The numpy.polyfit() function is the traditional workhorse for polynomial fitting. It uses least squares regression to find coefficients that minimize the sum of squared residuals between your data and the fitted polynomial.

Here’s the basic syntax:

numpy.polyfit(x, y, deg, rcond=None, full=False, w=None, cov=False)

The essential parameters are:

  • x: Array of x-coordinates (independent variable)
  • y: Array of y-coordinates (dependent variable)
  • deg: Degree of the polynomial to fit

The function returns an array of coefficients, ordered from highest degree to lowest. For a degree-2 polynomial, you get [a, b, c] representing ax² + bx + c.

Let’s start with a linear fit:

import numpy as np

# Sample data with some noise
x = np.array([1, 2, 3, 4, 5, 6, 7, 8, 9, 10])
y = np.array([2.1, 4.3, 5.8, 8.2, 9.9, 12.1, 14.0, 16.3, 17.8, 20.1])

# Fit a degree-1 polynomial (linear)
coefficients = np.polyfit(x, y, deg=1)

print(f"Coefficients: {coefficients}")
print(f"Equation: y = {coefficients[0]:.3f}x + {coefficients[1]:.3f}")

Output:

Coefficients: [1.99878788 0.06666667]
Equation: y = 1.999x + 0.067

The coefficients tell us the slope is approximately 2 and the y-intercept is near 0, which matches our data’s underlying pattern.

Evaluating Polynomials with numpy.polyval()

Once you have coefficients, numpy.polyval() evaluates the polynomial at any x-value:

import numpy as np
import matplotlib.pyplot as plt

# Original data
x = np.array([1, 2, 3, 4, 5, 6, 7, 8, 9, 10])
y = np.array([2.1, 4.3, 5.8, 8.2, 9.9, 12.1, 14.0, 16.3, 17.8, 20.1])

# Fit and evaluate
coefficients = np.polyfit(x, y, deg=1)

# Create smooth x values for plotting the fitted line
x_smooth = np.linspace(0, 11, 100)
y_fitted = np.polyval(coefficients, x_smooth)

# Predict specific values
y_at_5_5 = np.polyval(coefficients, 5.5)
print(f"Predicted y at x=5.5: {y_at_5_5:.2f}")

# Plot
plt.figure(figsize=(10, 6))
plt.scatter(x, y, color='blue', label='Original data', s=50)
plt.plot(x_smooth, y_fitted, color='red', label='Fitted line', linewidth=2)
plt.xlabel('x')
plt.ylabel('y')
plt.legend()
plt.grid(True, alpha=0.3)
plt.title('Linear Polynomial Fit')
plt.show()

The key insight here is that polyval accepts both scalar and array inputs. Pass a single value for point predictions, or an array to generate a smooth curve for visualization.

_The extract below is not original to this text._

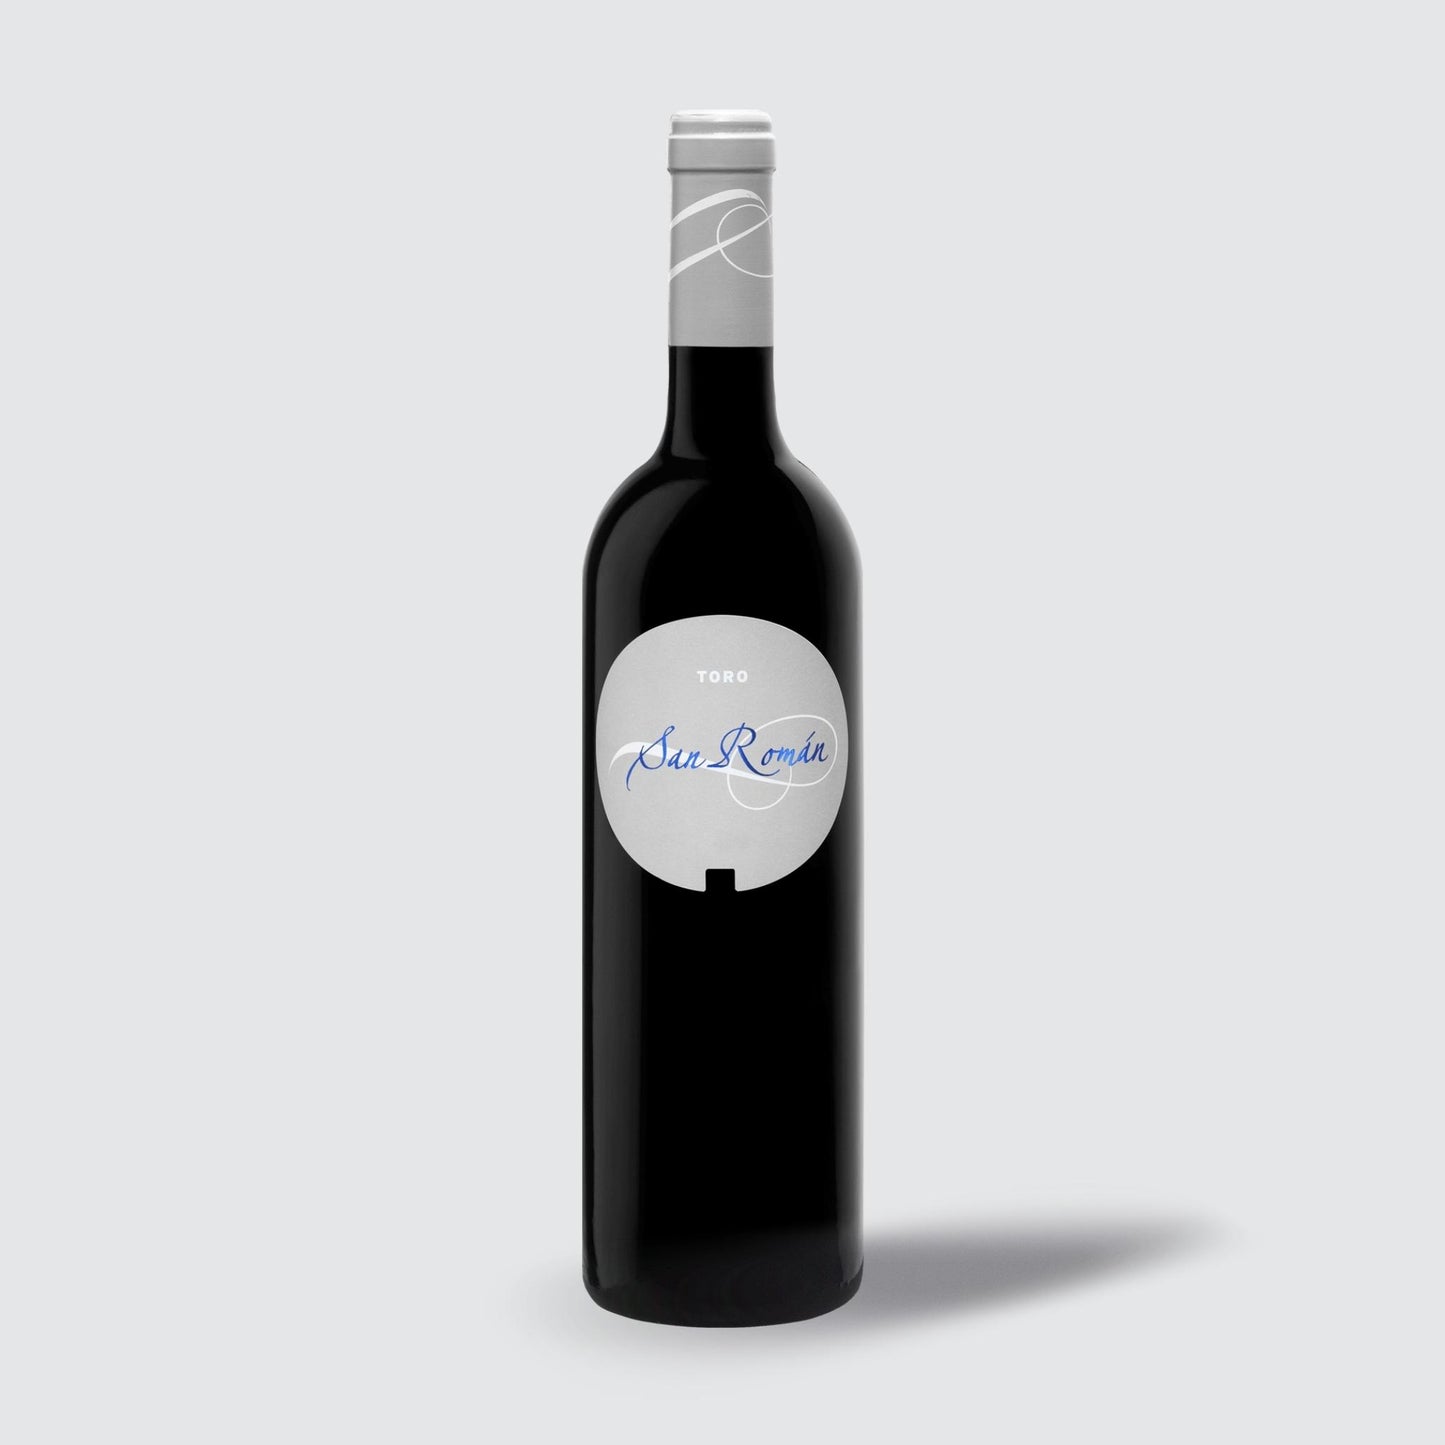 Bodegas y Vinedos San Roman Toro 2015 Red wine

Choosing the Right Polynomial Degree

Selecting the appropriate degree is where polynomial fitting becomes more art than science. A degree-1 polynomial (line) might miss curvature in your data. A degree-10 polynomial will pass through every point but oscillate wildly between them.

Here’s a practical comparison:

import numpy as np
import matplotlib.pyplot as plt

# Generate data with quadratic relationship plus noise
np.random.seed(42)
x = np.linspace(0, 10, 20)
y_true = 0.5 * x**2 - 2 * x + 3
y = y_true + np.random.normal(0, 2, len(x))

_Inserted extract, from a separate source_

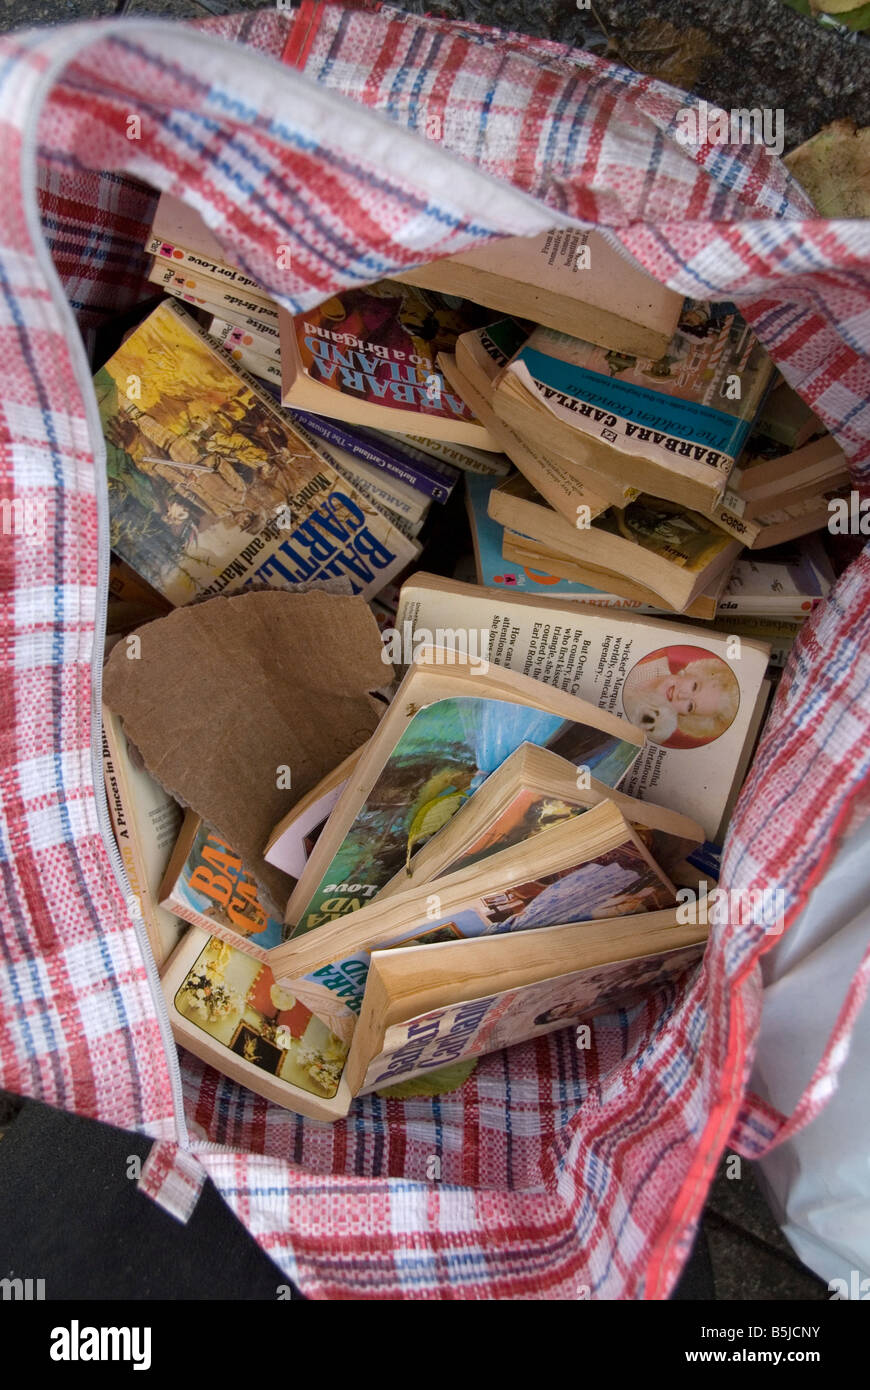 Broadway market. Bag full of Barbara Cartland novels thrown away as rubbish. Stock Photo

# Fit polynomials of different degrees
degrees = [1, 2, 5]
x_smooth = np.linspace(0, 10, 100)

fig, axes = plt.subplots(1, 3, figsize=(15, 4))

for ax, deg in zip(axes, degrees):
    coeffs = np.polyfit(x, y, deg)
    y_fitted = np.polyval(coeffs, x_smooth)
    
    # Calculate residuals and R²
    y_pred = np.polyval(coeffs, x)
    ss_res = np.sum((y - y_pred) ** 2)
    ss_tot = np.sum((y - np.mean(y)) ** 2)
    r_squared = 1 - (ss_res / ss_tot)
    
    ax.scatter(x, y, color='blue', alpha=0.6, label='Data')
    ax.plot(x_smooth, y_fitted, color='red', linewidth=2, label=f'Degree {deg}')
    ax.set_title(f'Degree {deg} (R² = {r_squared:.4f})')
    ax.legend()
    ax.grid(True, alpha=0.3)

plt.tight_layout()
plt.show()

The degree-1 fit (underfitting) misses the curvature entirely. The degree-2 fit captures the true relationship. The degree-5 fit has a marginally higher R² but introduces unnecessary complexity and will perform poorly on new data.

My recommendation: start with the lowest degree that captures the underlying pattern. Use domain knowledge—if you’re modeling projectile motion, a degree-2 polynomial makes physical sense. If you’re just smoothing noise, consider whether a polynomial is even appropriate.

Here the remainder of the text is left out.